“It is a natural perspective [downward revision of economic growth], that is, the International Monetary Fund [IMF] is making adjustments to the growth capacities and dynamics of all economies in the world”, Alves da Rocha said this Wednesday, believing that this is a reflection of the measures taken by the US administration.
Speaking to Lusa, the economist said that the measures taken by the President of the United States (USA), Donald Trump, such as “restrictions and tariffs raise fears, doubts and will end up restricting investment initiatives worldwide”.
“Therefore, it is natural [this IMF perspective for Angola], because everyone knows that the Angolan economy is not very resilient, it has no capacity for resilience, it does not have the buffers that allow it to maintain a certain rate of growth”, he said.
The International Monetary Fund revised downwards the economic growth outlook for Angola in 2025 from 3 percent to 2.4 percent and warned of the risks to budgetary performance.
The IMF's conclusions were released after a post-financing assessment mission led by Mika Saito, which took place between 6 and 12 May, and which will produce a report that is expected to be discussed by the IMF's Executive Board in July 2025.
Alves da Rocha insisted that the IMF's perspectives were “absolutely expected” because the international financial institution “knows the national economy very well”.
“And now we will see what kind of recommendations this IMF mission that was in Luanda will deliver to the Angolan Government”, he stressed.
The director of the Centre for Studies and Scientific Research (CEIC) at the Catholic University also considered that the current scenario derives from the fact that the country's economy is “very dependent” on oil revenues.
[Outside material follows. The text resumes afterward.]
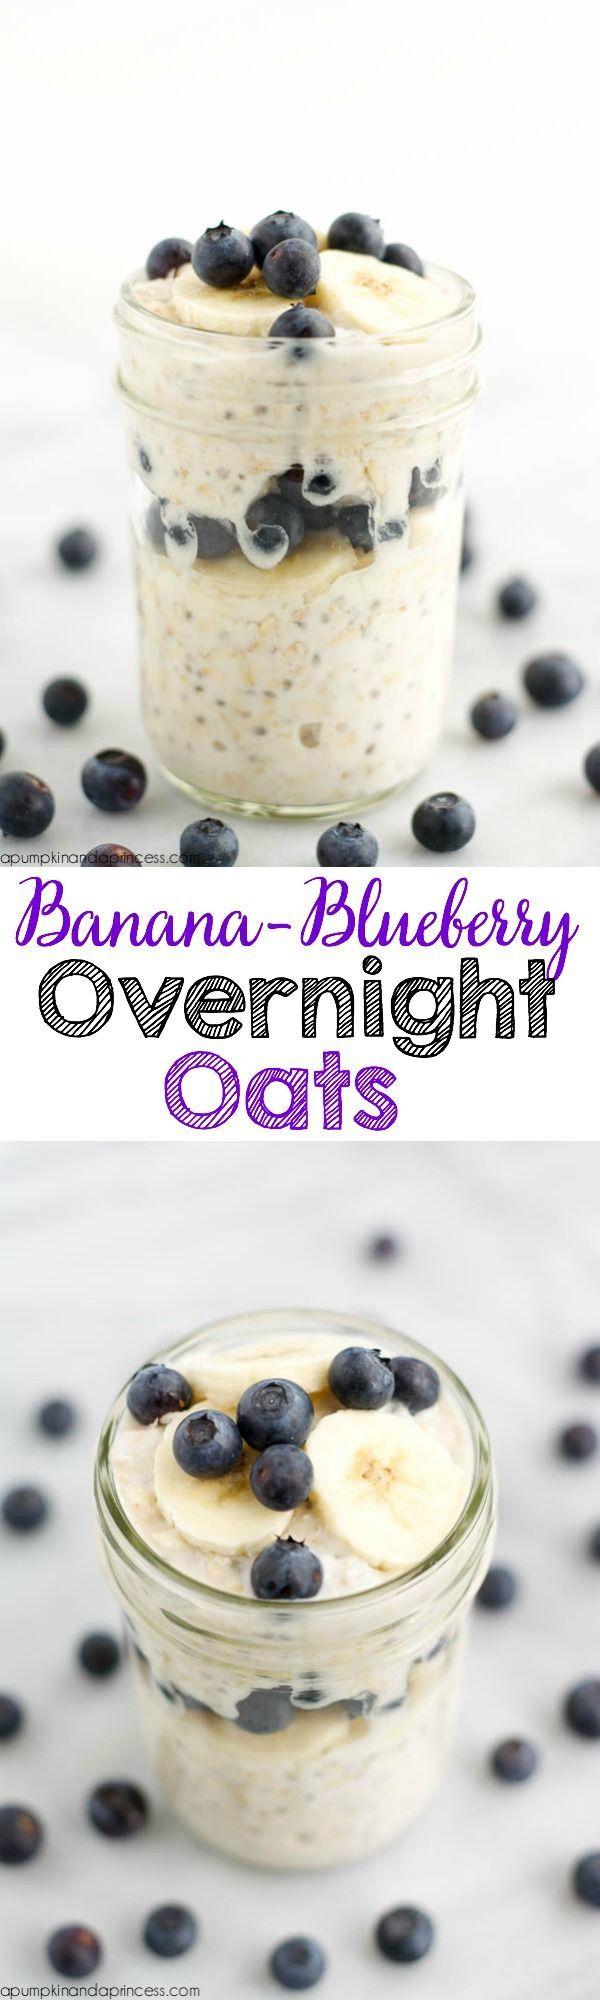 Banana-Blueberry Overnight Oats

Although the weight of the oil sector in the Gross Domestic Product (GDP) “has reduced significantly”, he noted, the reduction has not been accompanied by an increase in the position of other sectors”, he argued. He even considered that the issue of lack of resilience is not exclusive to the Angolan economy, stressing, however, that, at the level of Africa, other economies “may eventually resist” the volatility of oil, namely South Africa and Nigeria, “because they have a higher GDP”. “But we do not have instruments, we do not have shelters so that when the growth dynamics are reviewed, this review is not done downwards”, he also stated. Regarding the IMF's warning about the risks to Angola's budgetary performance, Alves da Rocha said: “We already know that, there is no need for the IMF to come here and say it, because from the moment the whole oil ‘jigsaw’ is at risk, the implications for the economy are predictable”. The expert recalled that the price of oil, the largest source of revenue for the General State Budget (OGE), has been falling, so a budget review is a possibility, although there are “already signs of negotiations between Russia and Ukraine”.
“We will see if this will have any kind of influence on a greater balance in the oil sector. And, therefore, we will wait and see what happens so that the possibility of a review of the OGE can be considered”, concluded the expert.
The IMF highlights that Angola's economic growth in 2024 was “robust”, reaching 4.4 percent, driven by the increase in oil production and the recovery of the non-oil sector, but warns that the outlook has deteriorated, generating risks, due to the fall in oil prices and restrictive conditions for external financing.